Job Submission/Monitoring: With File Staging - Application

Have a look at <omii_client_home>/gridsam/data/examples/remotecat-staging.jsdl:

<JobDefinition>
    <JobDescription>
        <JobIdentification>
            <JobName>cat job</JobName>
            <Description>cat job description</Description>
            <JobAnnotation>no annotation</JobAnnotation>
            <JobProject>gridsam project</JobProject>
        </JobIdentification>
        <Application>
            <POSIXApplication xmlns="http://schemas.ggf.org/jsdl/2005/06/jsdl-posix">
                <Executable>bin/concat</Executable> 
                <Argument>dir2/subdir1/file2.txt</Argument> 
                <Output>stdout.txt</Output> 
                <Error>stderr.txt</Error> 
                <Environment name="FIRST_INPUT">dir1/file1.txt</Environment> 
            </POSIXApplication>
        </Application>
    </JobDescription>
    …
</JobDefinition>

The JobIdentification section simply describes, at an abstract level, the nature of the job in terms of high-level string fields.  These can be anything you like.

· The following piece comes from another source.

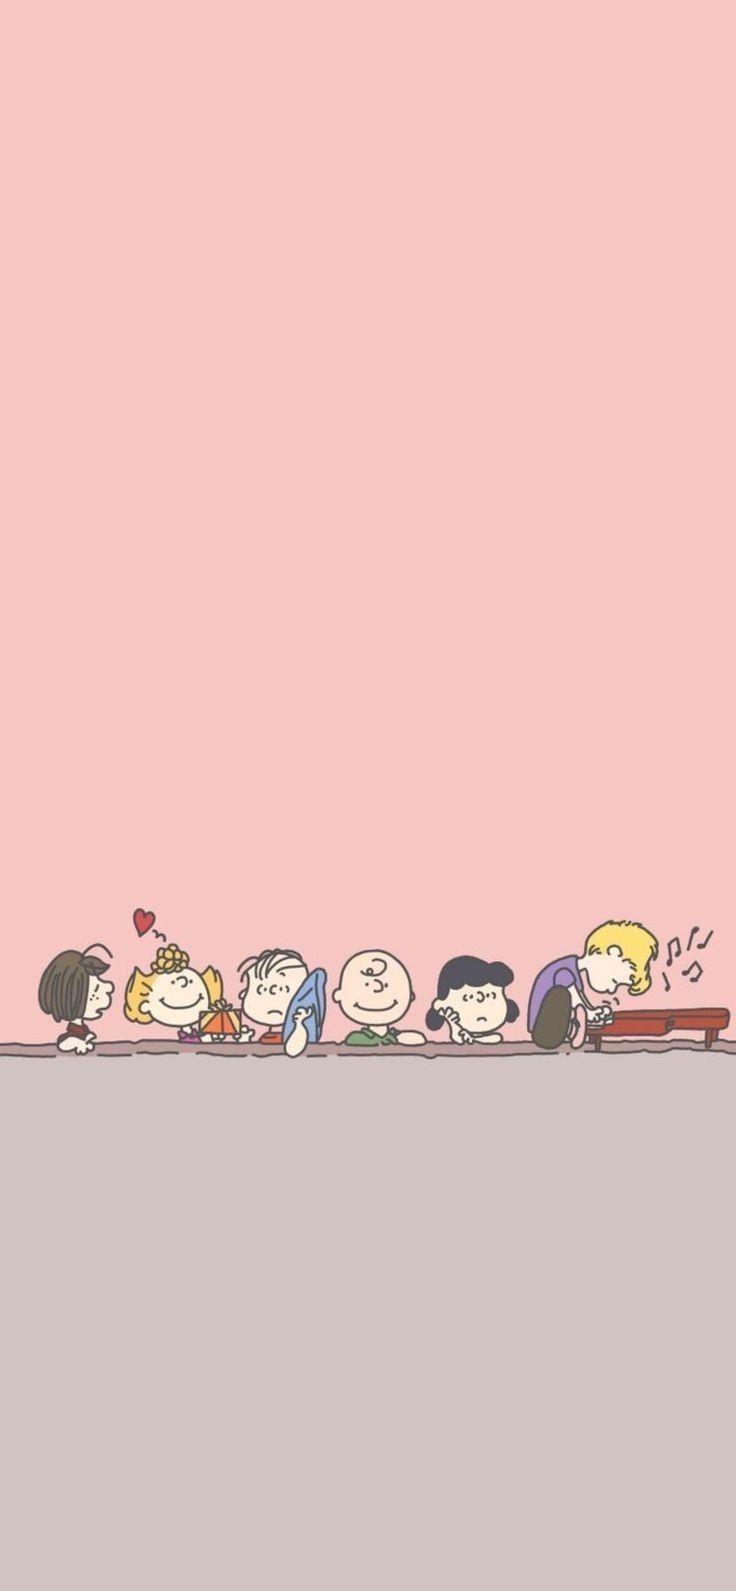 Snoopy おしゃれまとめの人気アイデア Pinterest Ana Herrera スヌーピー カレンダー スヌーピーの壁紙 かわいい 壁紙 Iphone

The Application section describes the actual execution parameters for the job.  Within the Application block, we can see that we are executing a POSIXApplication style application.  This could be anything that can be executed on a POSIX (e.g. Linux) command line, like a shell script, platform-specific code like an executable resident on the machine, or platform independent code like Java (as long as Java is installed on the server, of course!).  The Executable and Argument parameters are self-explanatory, but we can also see that the standard output (Output) and standard error (Error) can be optionally captured in files, and that environment variables (in a POSIX sense) can optionally be set.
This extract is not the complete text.